9. The method according to claim 1, wherein the mineral salt solution comprises 10.55 g/L Na2HPO4.12H2O, 1.5 g/L KH2PO4, 0.3 g/L NH4Cl, 0.1 g/L MgCl2, 0.00001 g/L vitamin H, 0.00002 g/L niacin, 0.0001 g/L vitamin B1, 0.00001 g/L p-aminobenzoic acid, 0.000005 g/L vitamin B5, 0.00005 g/L pyridoxamine hydrochloride, 0.00001 g/L cyanocobalamin, 10 μL/L HCl (25%, w/w), 0.0015 g/L FeCl2.4H2O, 0.00019 g/L CoCl2.6H2O, 0.0001 g/L MnCl2.2H2O, 0.00007 g/L ZnCl2, 0.000024 g/L NiCl2.6H2O, 0.000036 g/L NaMoO4.2H2O, 0.000006 g/L H3BO3, and 0.000002 g/L CuCl2.2H2O.

10. The method according to claim 1, wherein the anaerobic culture in step (1) comprises purging the culture system with N2 during the culture.

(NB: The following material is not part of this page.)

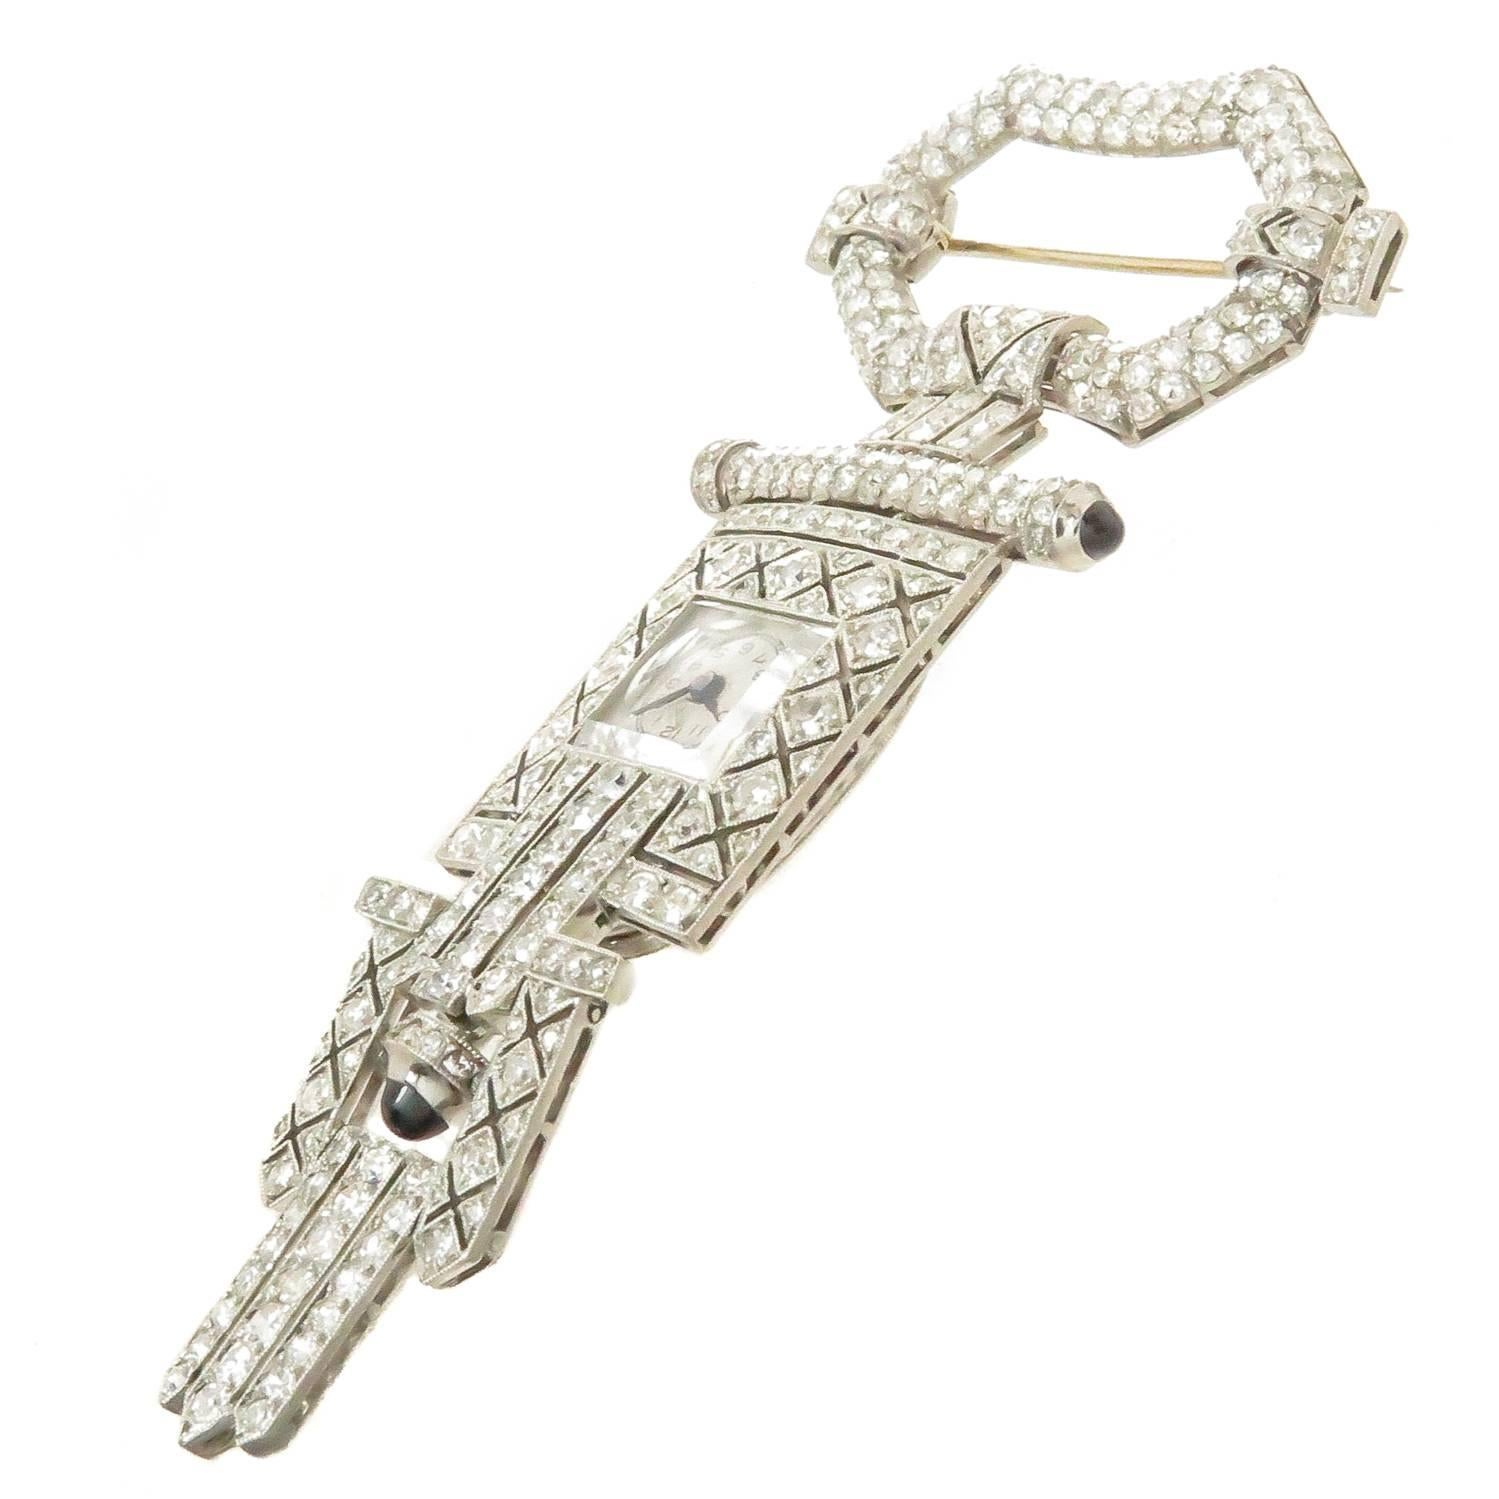 Circa 1930 High Art Deco Style Platinum Lapel Watch. Measuring 3 1/4 inches in length and 1 1/2 inch wide. Each section is flexible and gives this piece great movement, set with single cut Diamonds totaling 4 Carats and further set with Cabochon
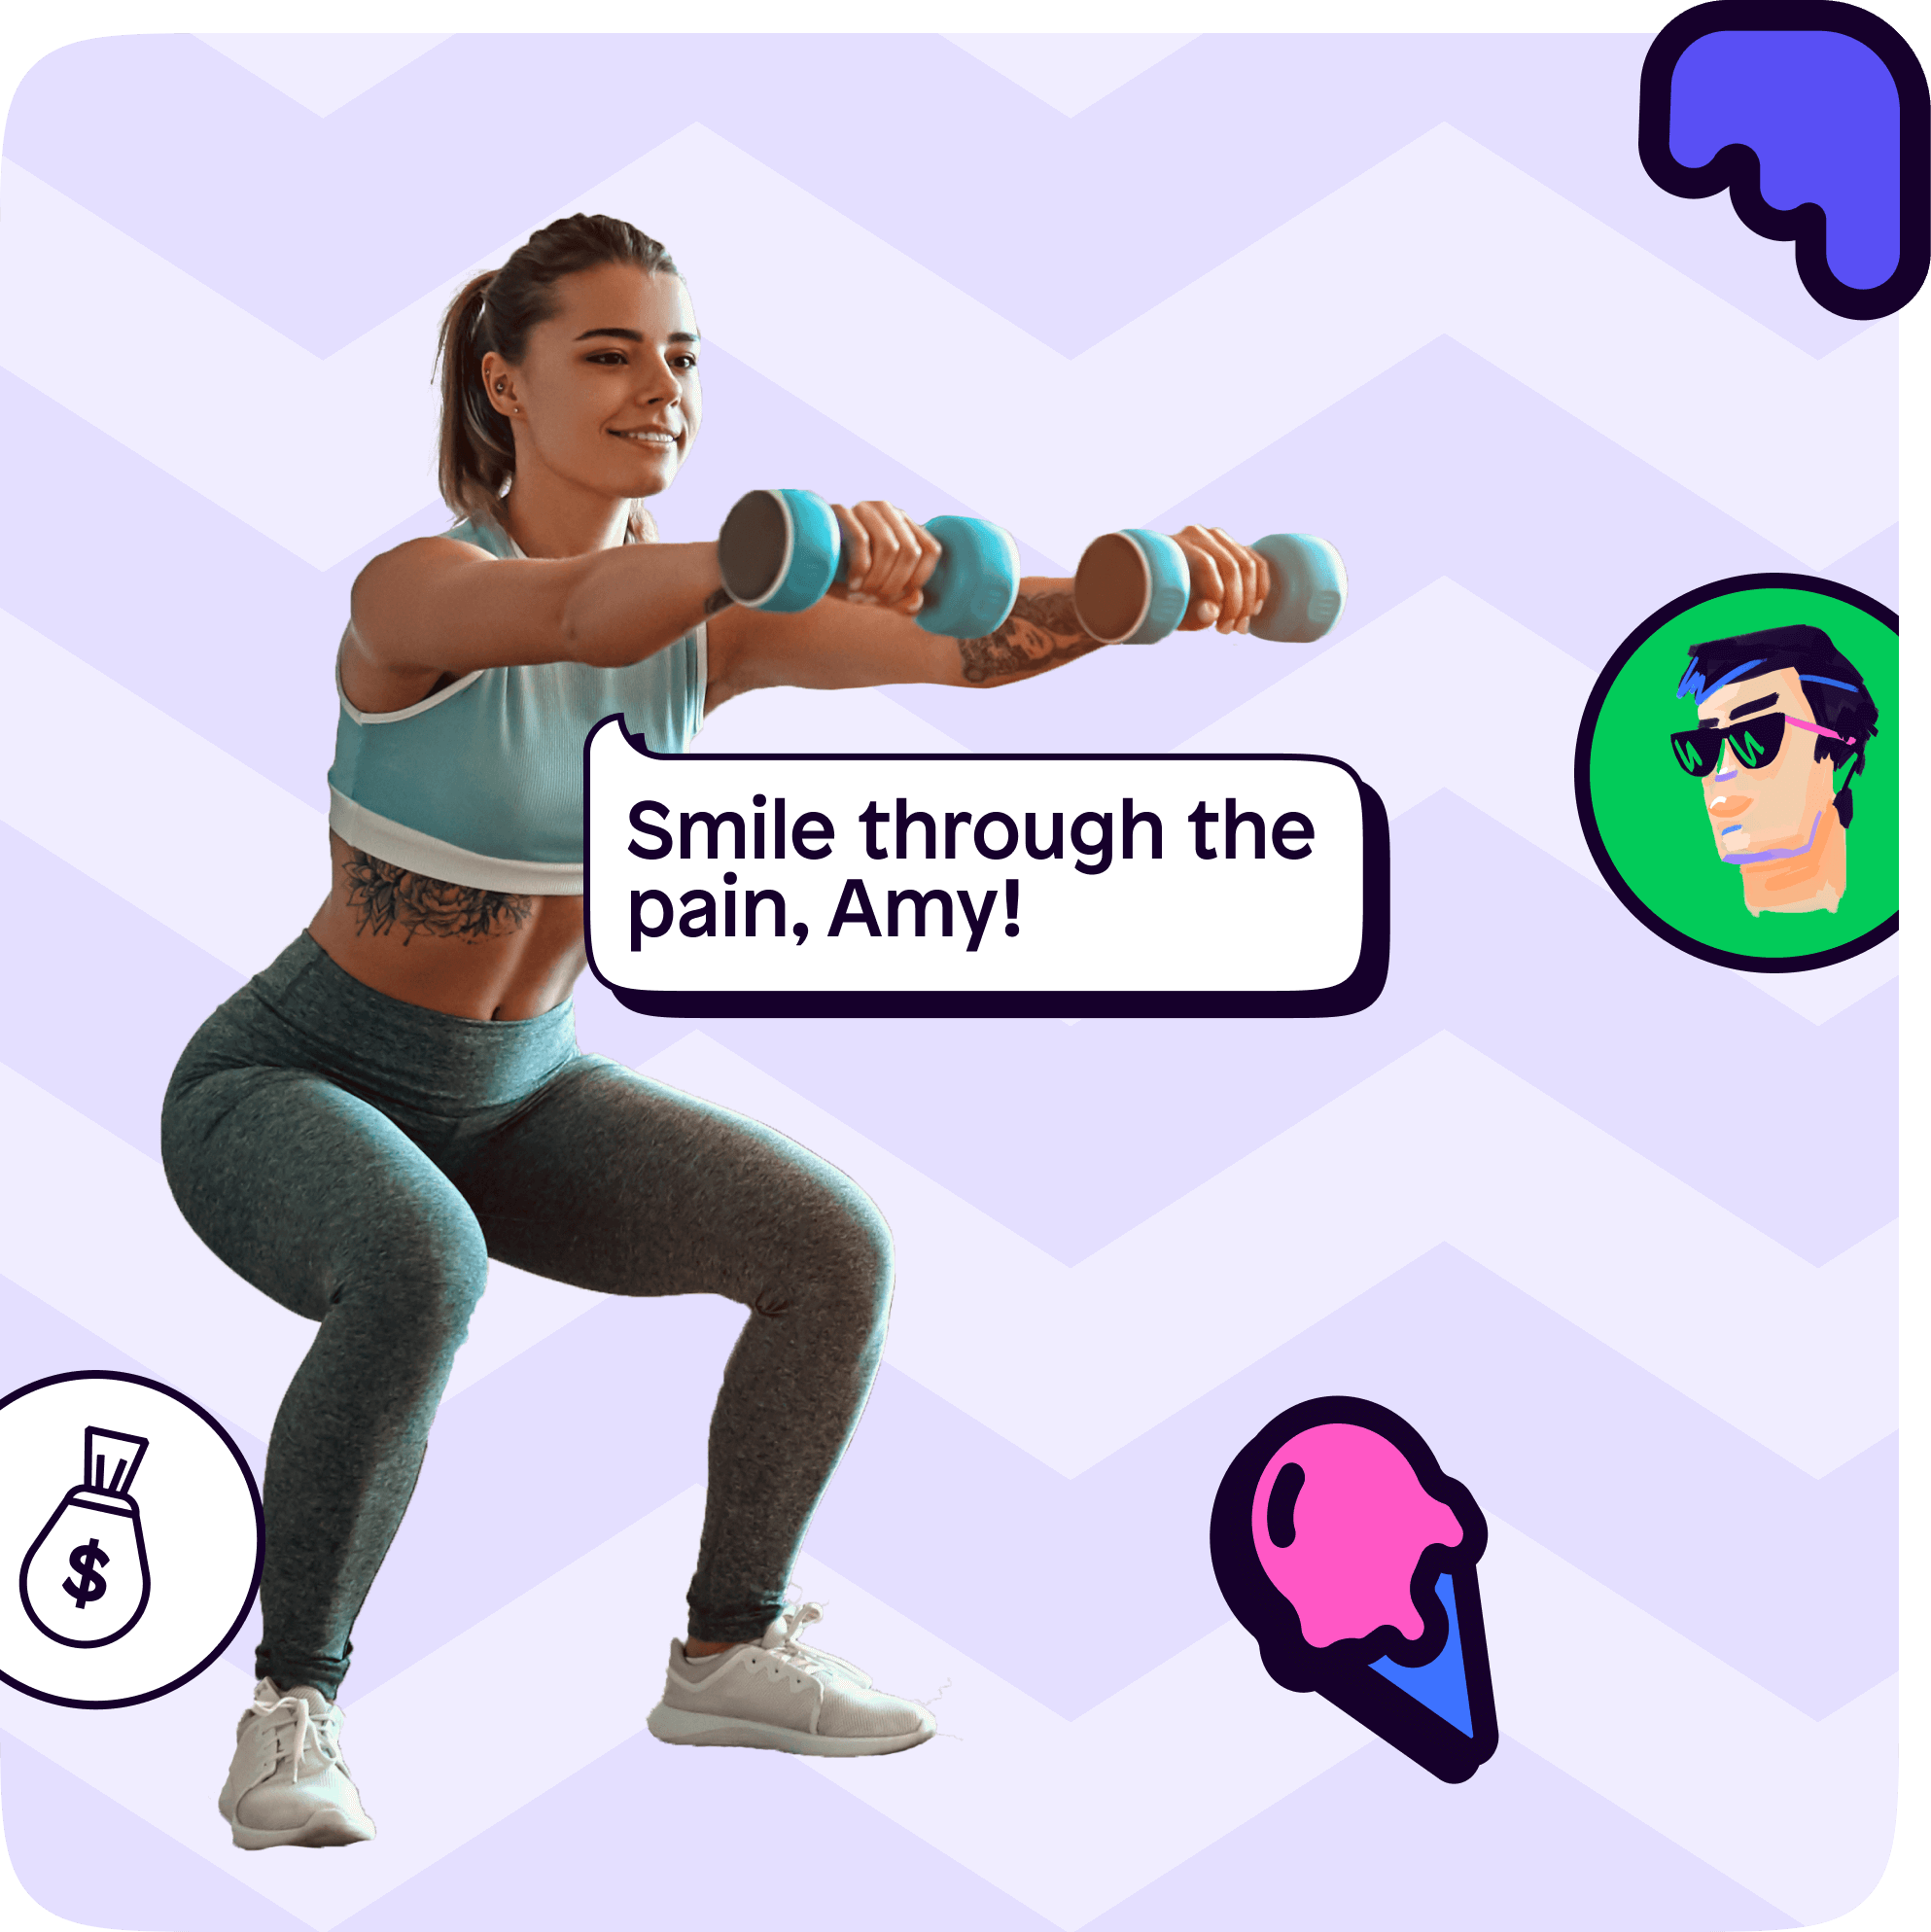 Amy working out

11. The method according to claim 4, wherein the mineral salt solution comprises 10.55 g/L Na2HPO4.12H2O, 1.5 g/L KH2PO4, 0.3 g/L NH4Cl, 0.1 g/L MgCl2, 0.00001 g/L vitamin H, 0.00002 g/L niacin, 0.0001 g/L vitamin B1, 0.00001 g/L p-aminobenzoic acid, 0.000005 g/L vitamin B5, 0.00005 g/L pyridoxamine hydrochloride, 0.00001 g/L cyanocobalamin, 10 μL/L HCl (25%, w/w), 0.0015 g/L FeCl2.4H2O, 0.00019 g/L CoCl2.6H2O, 0.0001 g/L MnCl2.2H2O, 0.00007 g/L ZnCl2, 0.000024 g/L NiCl2.6H2O, 0.000036 g/L NaMoO4.2H2O, 0.000006 g/L H3BO3, and 0.000002 g/L CuCl2.2H2O.

12. The method according to claim 4, wherein the anaerobic culture in step (1) comprises purging the culture system with N2 during the culture.